I can understand your passion for pursuing a PHD in pure math and your concern for having a backup plan. It is always wise to have a plan B in case plan A does not work out as expected. In terms of your question of whether to start preparing for plan B now or later, my suggestion would be to focus on your plan A first and give it your best effort. Pursuing a PHD in pure math is a rigorous and time-consuming process, and it requires a lot of dedication and hard work. So, it is important to prioritize your studies and make the most out of your PHD program.

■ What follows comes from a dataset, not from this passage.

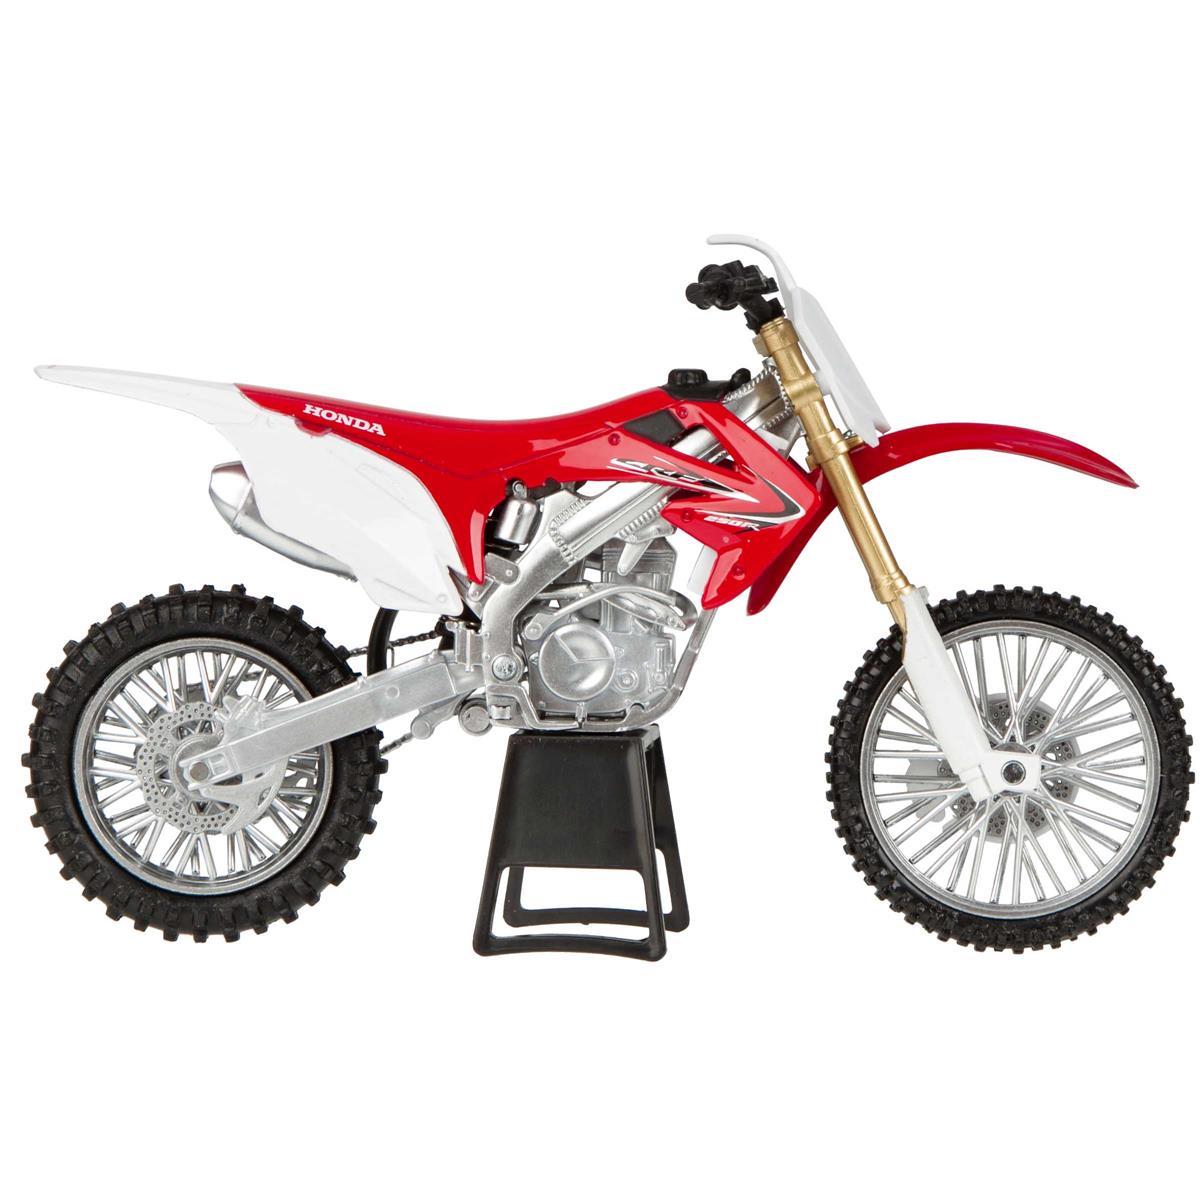 New Ray HONDA CRF 450 1:12 KIT DieCast Motocross Mx Motorbike Kids Toy Model Red 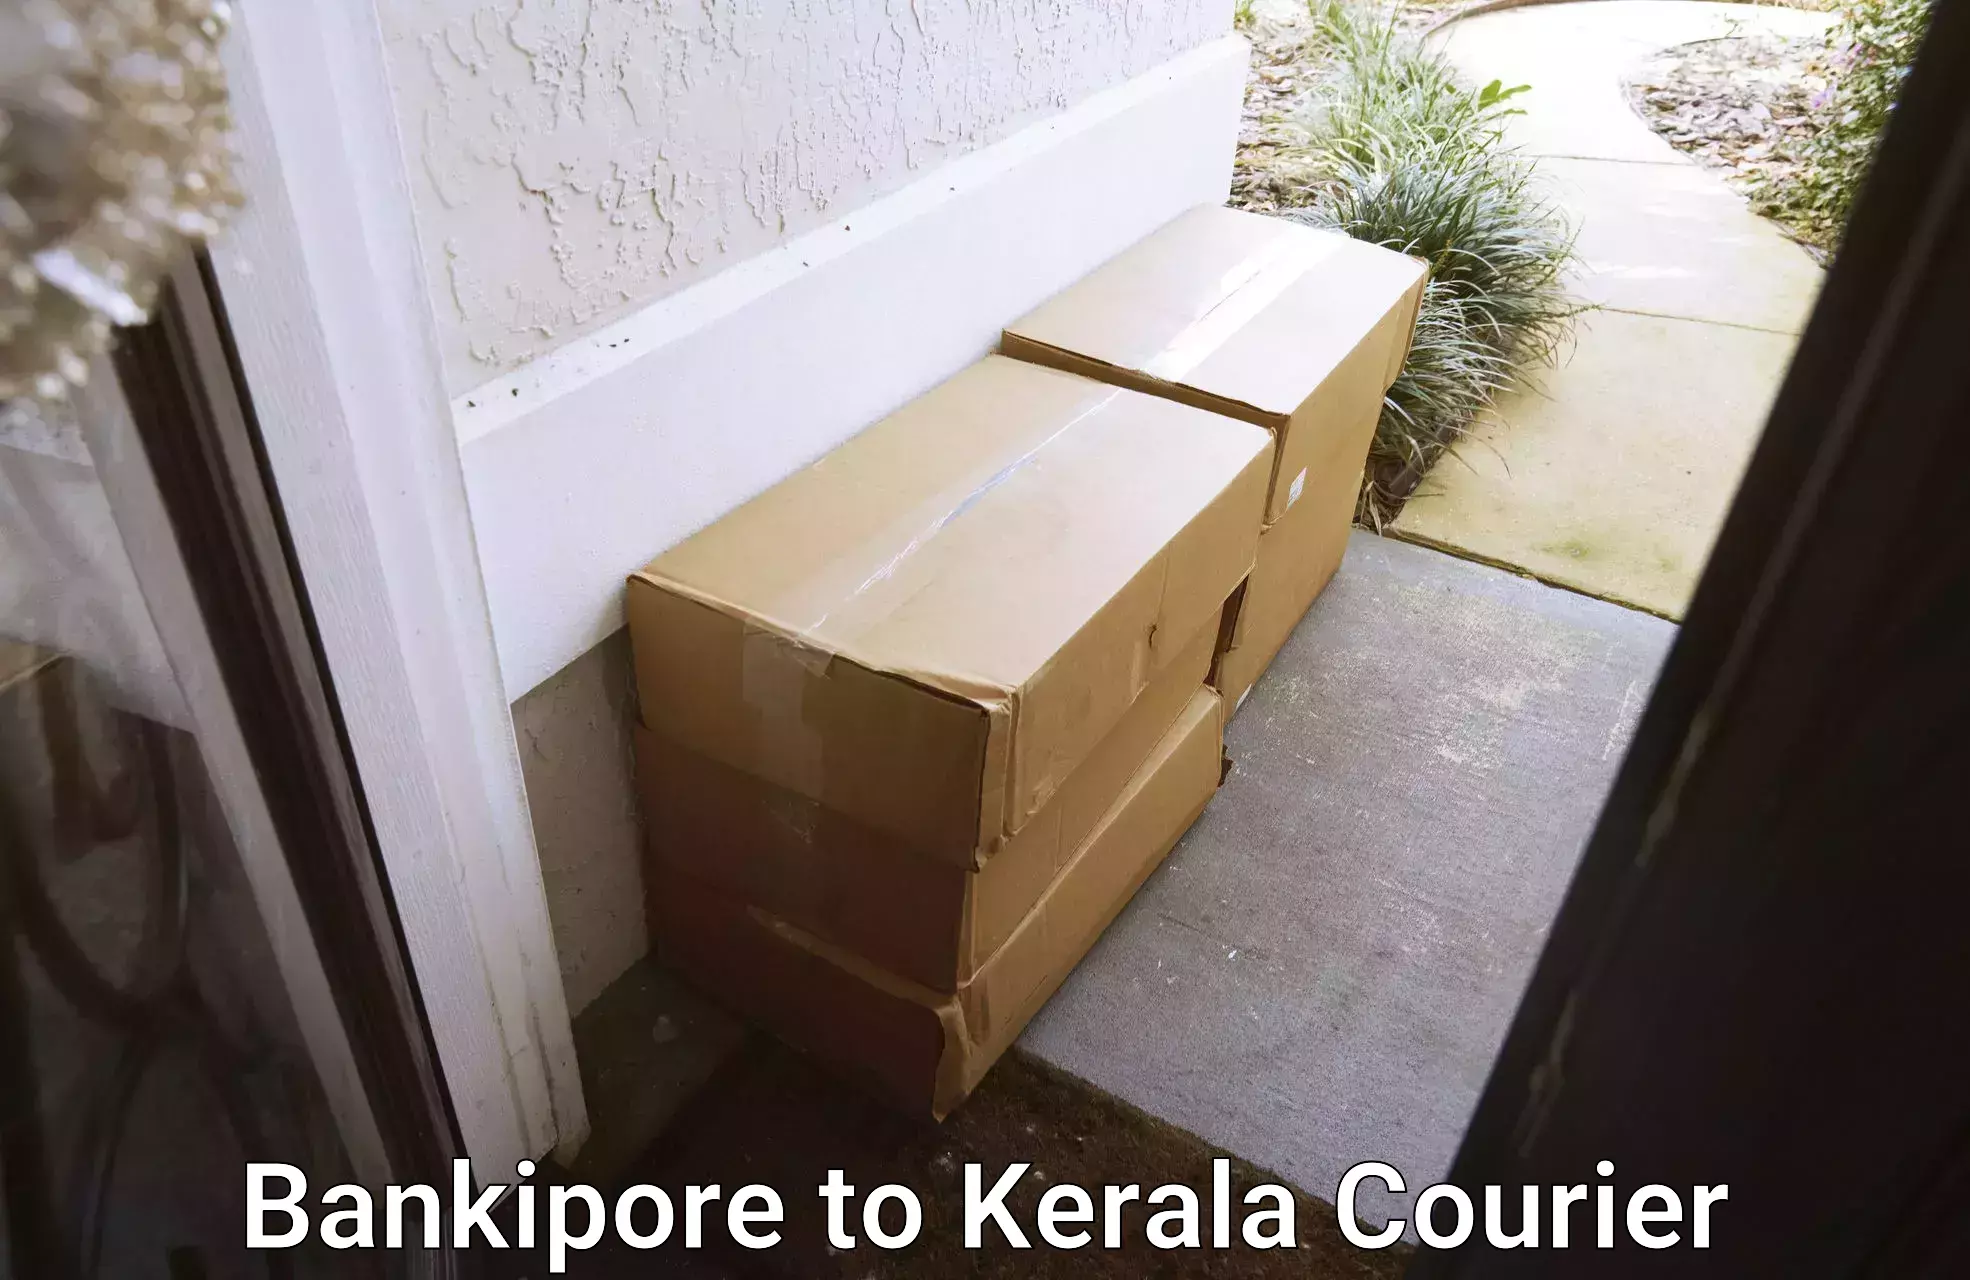 Full-service movers Bankipore to Kerala

However, that being said, it wouldn't hurt to start exploring your interests in finance and applied math, and learning some programming skills as well. This will not only give you a head start in case you do decide to pursue a career in financial mathematics, but it will also enhance your skills and make you a more well-rounded candidate for any job opportunities that may arise in the future. Additionally, having some knowledge and experience in these fields can also be beneficial during your PHD studies, as it can provide you with a different perspective and help you see the practical applications of your research.

In terms of your interest in financial mathematics, I would suggest doing some research on the current job market and the skills and qualifications required for these positions. This can help you identify any specific courses or skills that you may need to focus on in order to be a competitive candidate. You can also reach out to professionals in the field and ask for their advice and insights on the industry.

Overall, my advice would be to continue pursuing your passion for pure math, but also keep an open mind and explore your interests in other fields. This will not only help you in the long run, but it will also make your PHD journey more enriching and fulfilling. Best of luck in your endeavors!
 

1. What is a pure math PhD?

A pure math PhD is a doctoral degree in mathematics that focuses on the theoretical and abstract aspects of mathematics. It typically involves advanced coursework and research in areas such as algebra, geometry, analysis, and topology.

2. Why should I consider starting a plan B for my pure math PhD?

While pursuing a pure math PhD can lead to a fulfilling career in academia or research, it can also be a highly competitive and lengthy process. Starting a plan B can provide you with alternative options and backup plans in case your original plan doesn't work out.

3. What is a plan B for a pure math PhD?

A plan B for a pure math PhD can involve pursuing a related field such as applied mathematics, statistics, or computer science. It can also involve exploring career opportunities outside of academia, such as in industry or government.

4. When should I start considering a plan B for my pure math PhD?

It is never too early to start considering a plan B for your pure math PhD. It is important to have a backup plan in case your research or academic goals change, or if you encounter unexpected challenges in your PhD journey.

5. How can I balance pursuing my pure math PhD and preparing for a plan B?

Balancing your current PhD studies with preparing for a plan B can be challenging, but it is important to prioritize and manage your time effectively. This can involve networking, gaining relevant experience, and staying informed about potential career opportunities outside of academia.